On Fri, May 29, 2020 at 11:55:33AM +0100, Filipe Manana wrote:
> On Fri, May 29, 2020 at 1:23 AM Darrick J. Wong <darrick.wong@xxxxxxxxxx> wrote:
> >
> > On Thu, May 28, 2020 at 02:21:03PM -0500, Goldwyn Rodrigues wrote:
> > >
> > > Filesystems such as btrfs are unable to guarantee page invalidation
> > > because pages could be locked as a part of the extent.
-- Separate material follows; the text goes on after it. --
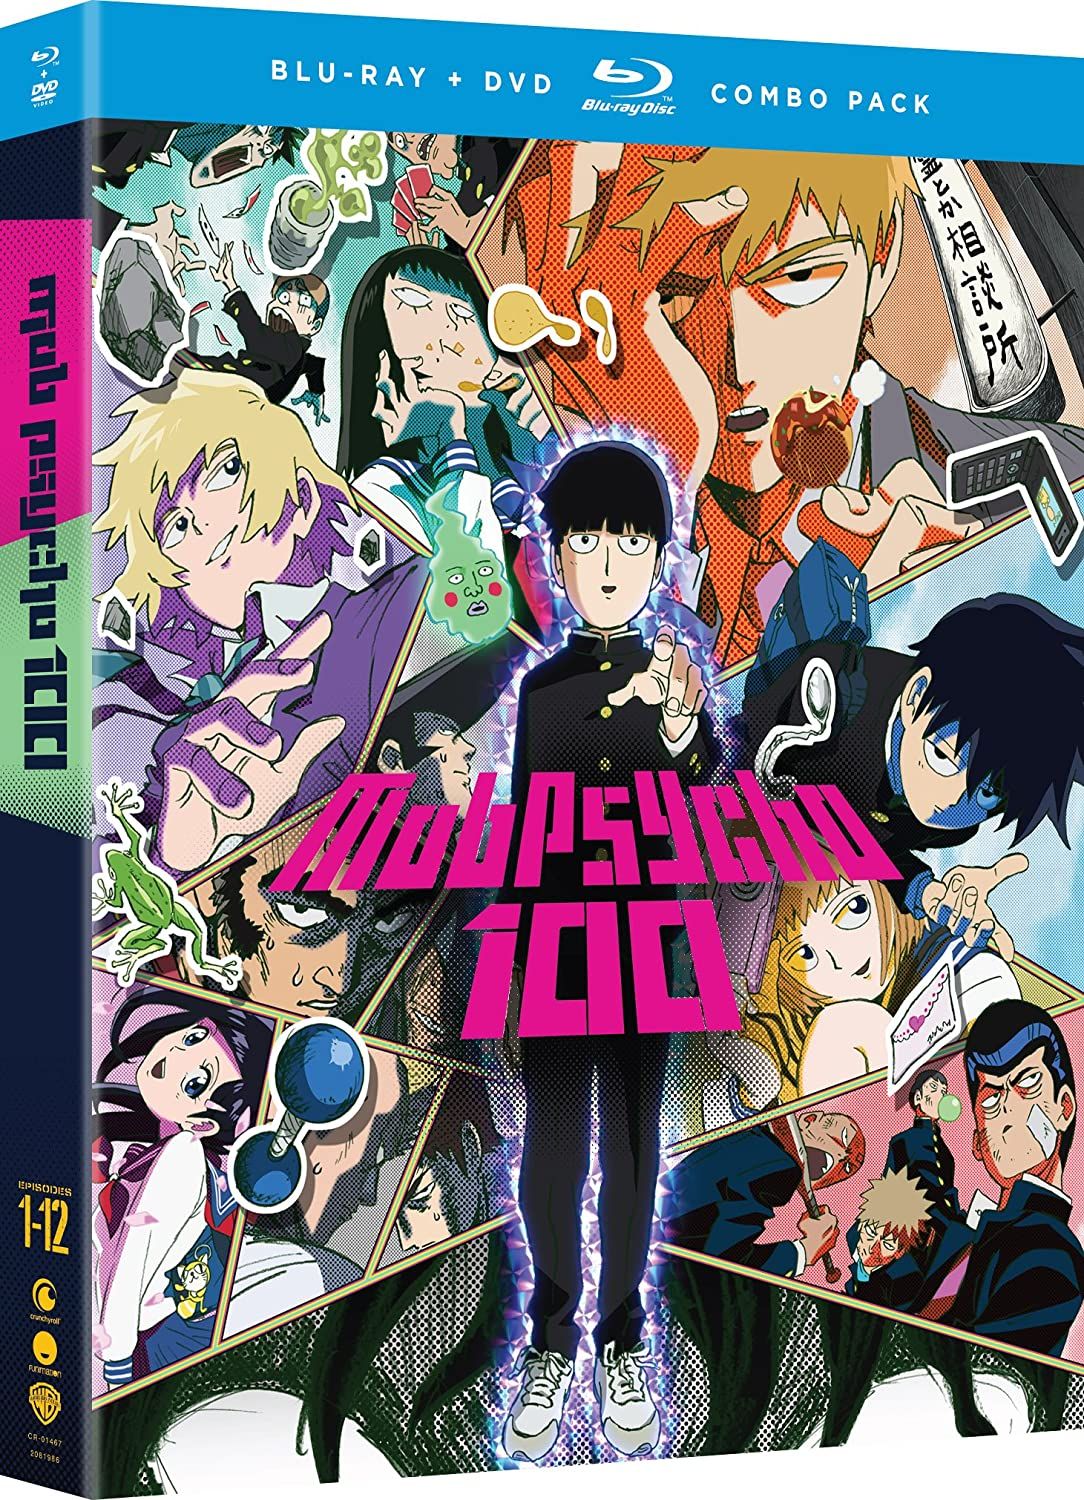 Shigeo Kageyama with the other main characters on the Mob Psycho 100 bluray case

Return zero
> >
> > Locked for what?  filemap_write_and_wait_range should have just cleaned
> > them off.
> 
> Yes, it will be confusing even for someone more familiar with btrfs.
> The changelog could be more detailed to make it clear what's happening and why.
> 
> So what happens:
> 
> 1) iomap_dio_rw() calls filemap_write_and_wait_range().
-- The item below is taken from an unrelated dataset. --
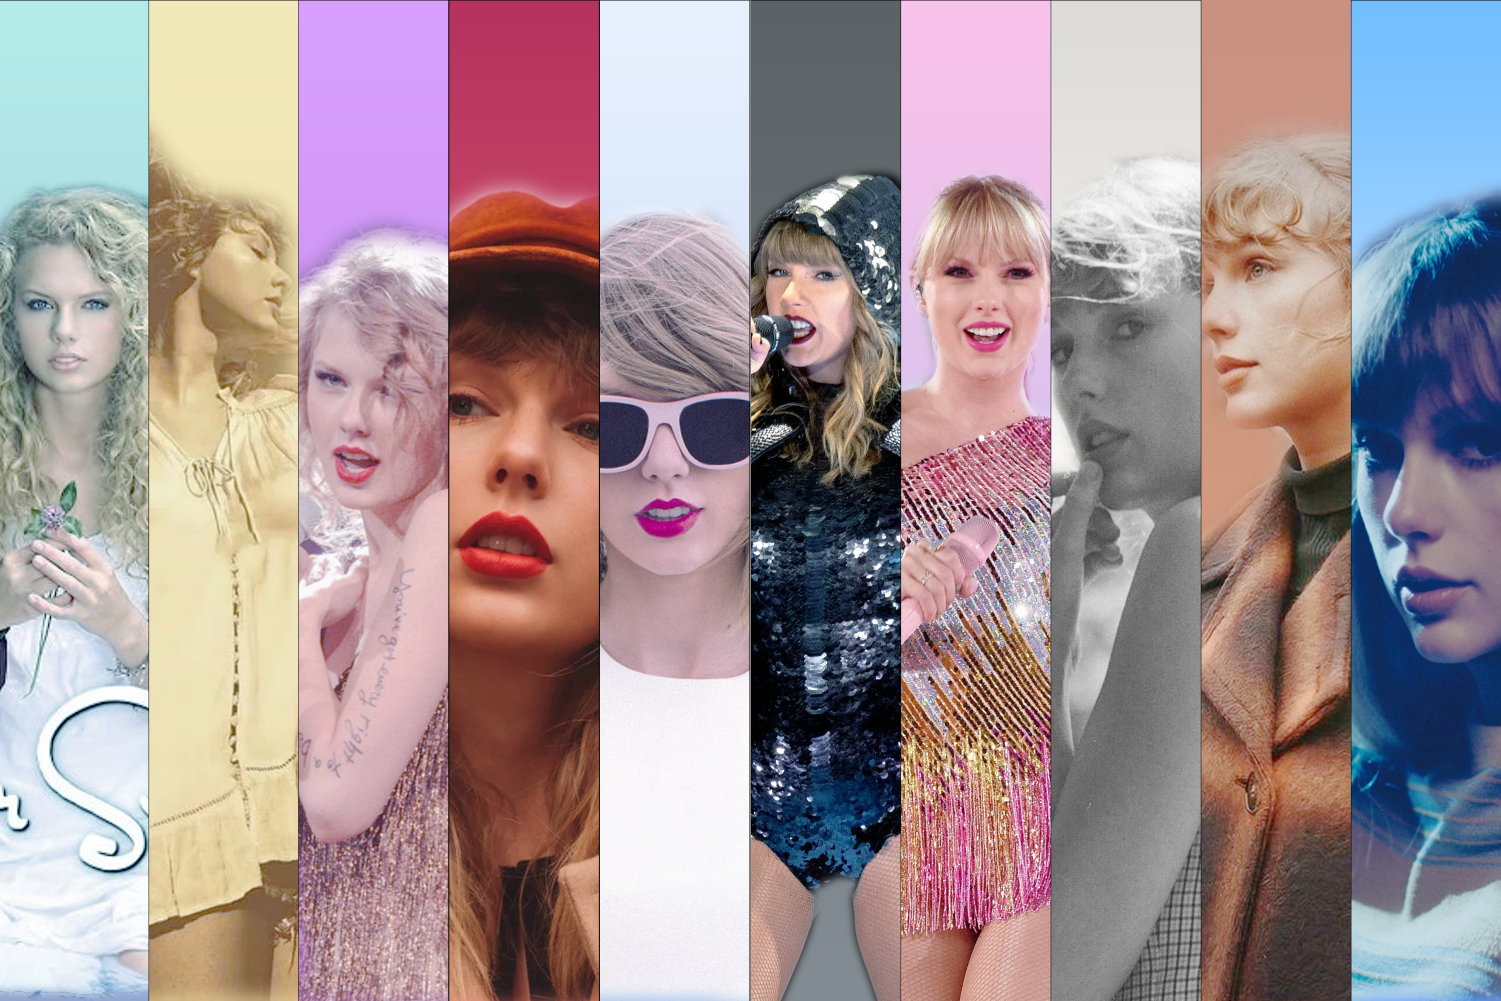 10 photos of Taylor Swift in a rainbow of outfits and colors to represent her different “eras”

>     That starts delalloc for all dirty pages in the range and then
> waits for writeback to complete.
>     This is enough for most filesystems at least (if not all except btrfs).
> 
> 2) However, in btrfs once writeback finishes, a job is queued to run
> on a dedicated workqueue, to execute the function
> btrfs_finish_ordered_io().
>     So that job will be run after filemap_write_and_wait_range() returns.
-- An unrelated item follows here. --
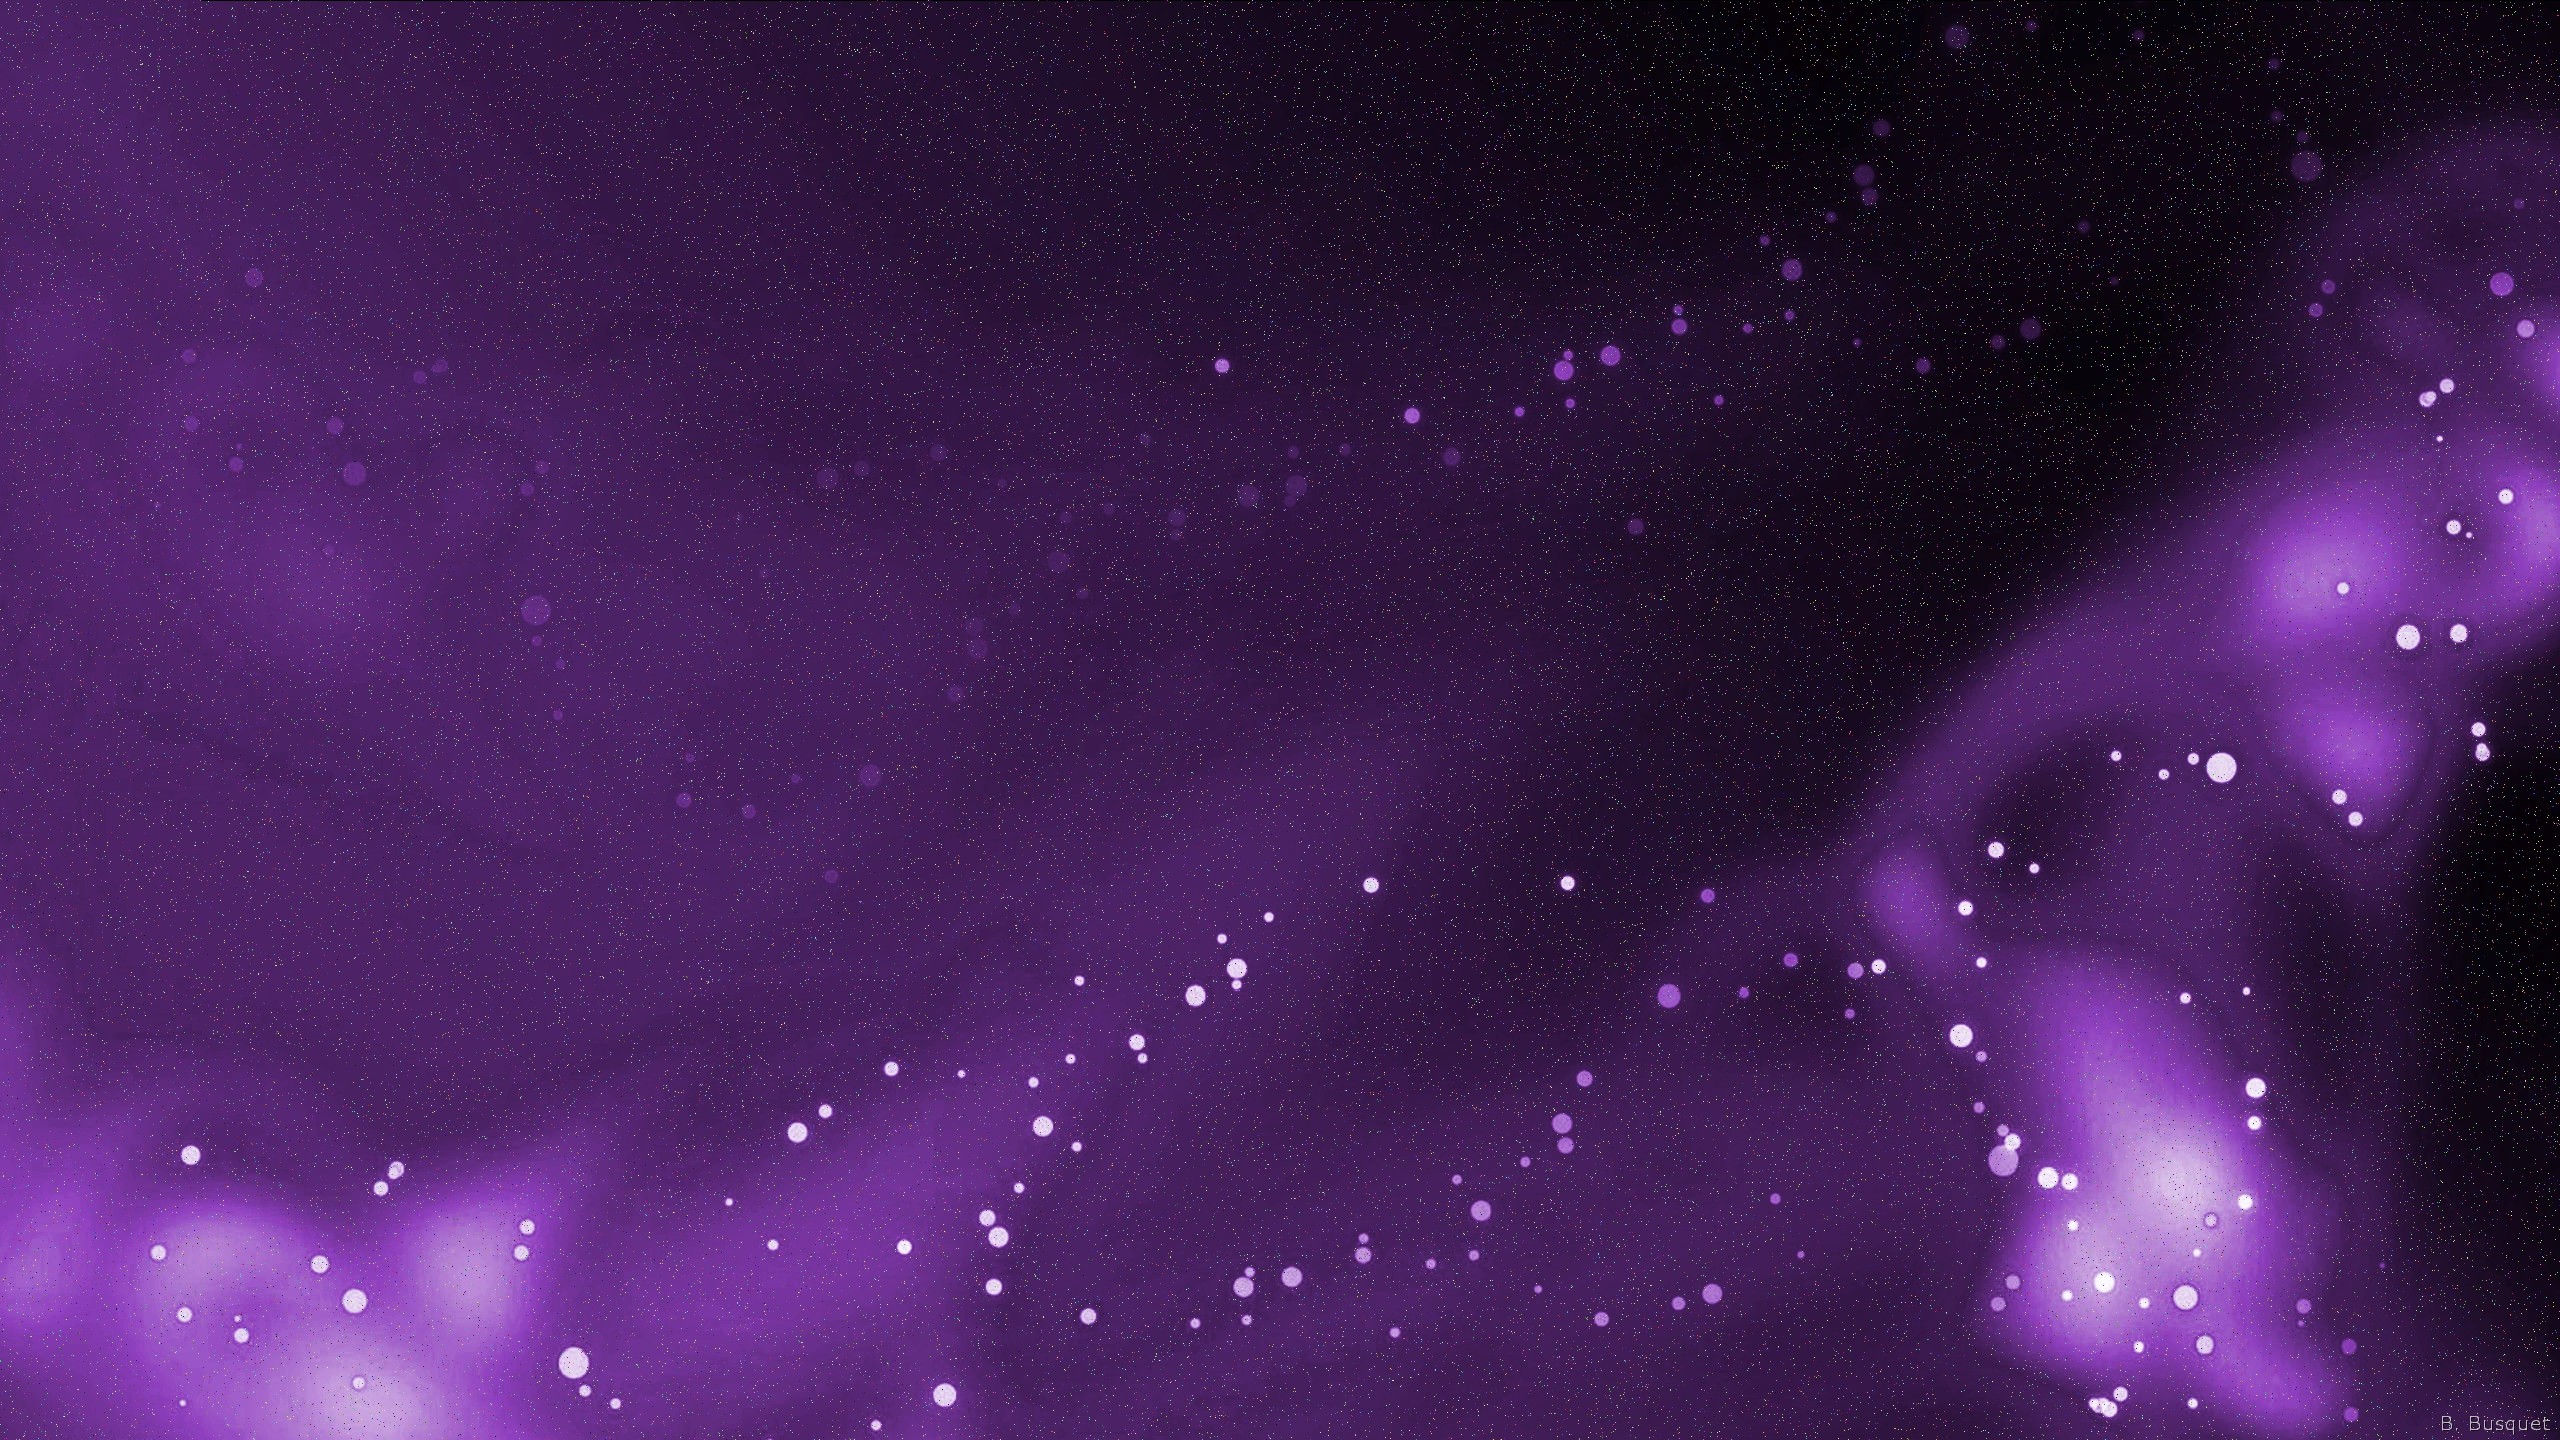 Purple Galaxy Wallpapers Widescreen For Desktop Wallpaper 2560 x 1440 px  1.08 MB planets colorful purple

>     That function locks the file range (using a btrfs specific data
> structure), does a bunch of things (updating several btrees), and then
> unlocks the file range.
> 
> 3) While iomap calls invalidate_inode_pages2_range(), which ends up
> calling the btrfs callback btfs_releasepage(),
>     btrfs_finish_ordered_io() is running and has the file range locked
> (this is what Goldwyn means by "pages could be locked", which is
> confusing because it's not about any locked struct page).
> 
> 4) Because the file range is locked, btrfs_releasepage() returns 0
> (page can't be released), this happens in the helper function
> try_release_extent_state().
>     Any page in that range is not dirty nor under writeback anymore
> and, in fact, btrfs_finished_ordered_io() doesn't do anything with the
> pages, it's only updating metadata.
> 
>     btrfs_releasepage() in this case could release the pages, but
> there are other contextes where the file range is locked, the pages
> are still not dirty and not under writeback, where this would not be
> safe to do.

Isn't this the bug, though?  Rather than returning "page can't be
released", shouldn't ->releasepage sleep on the extent state, at least
if the GFP mask indicates you can sleep?

> 5) So because of that invalidate_inode_pages2_range() returns
> non-zero, the iomap code prints that warning message and then proceeds
> with doing a direct IO write anyway.
> 
> What happens currently in btrfs, before Goldwyn's patchset:
> 
> 1) generic_file_direct_write() also calls filemap_write_and_wait_range().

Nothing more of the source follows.